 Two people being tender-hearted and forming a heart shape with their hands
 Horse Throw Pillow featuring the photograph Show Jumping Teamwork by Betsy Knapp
==
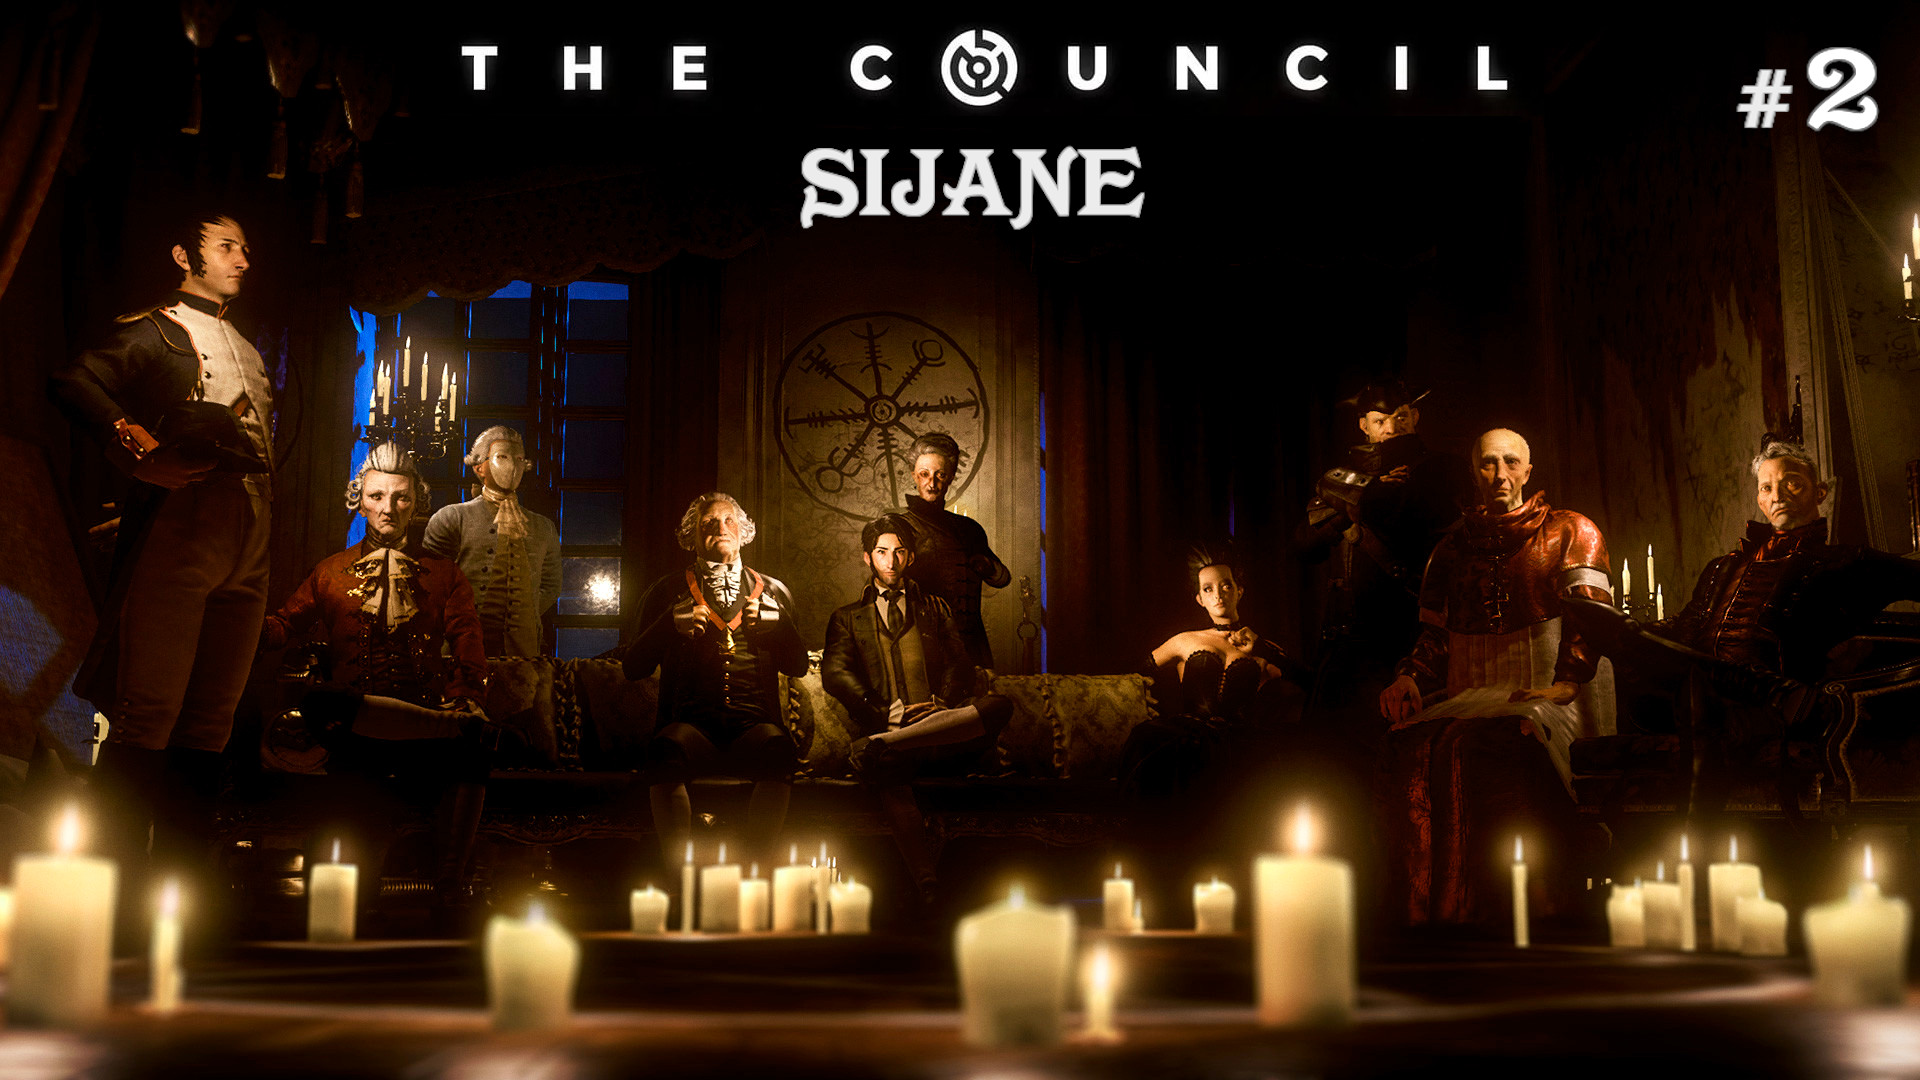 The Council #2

- _PROBLEM DESCRIPTION_: What you give back must be the stretch above, starting at the line with "Two people being" and ending at the line with "Horse Throw Pillow", copied exactly.

- _EXERCISE RESPONSE_:
 Two people being tender-hearted and forming a heart shape with their hands
 Horse Throw Pillow featuring the photograph Show Jumping Teamwork by Betsy Knapp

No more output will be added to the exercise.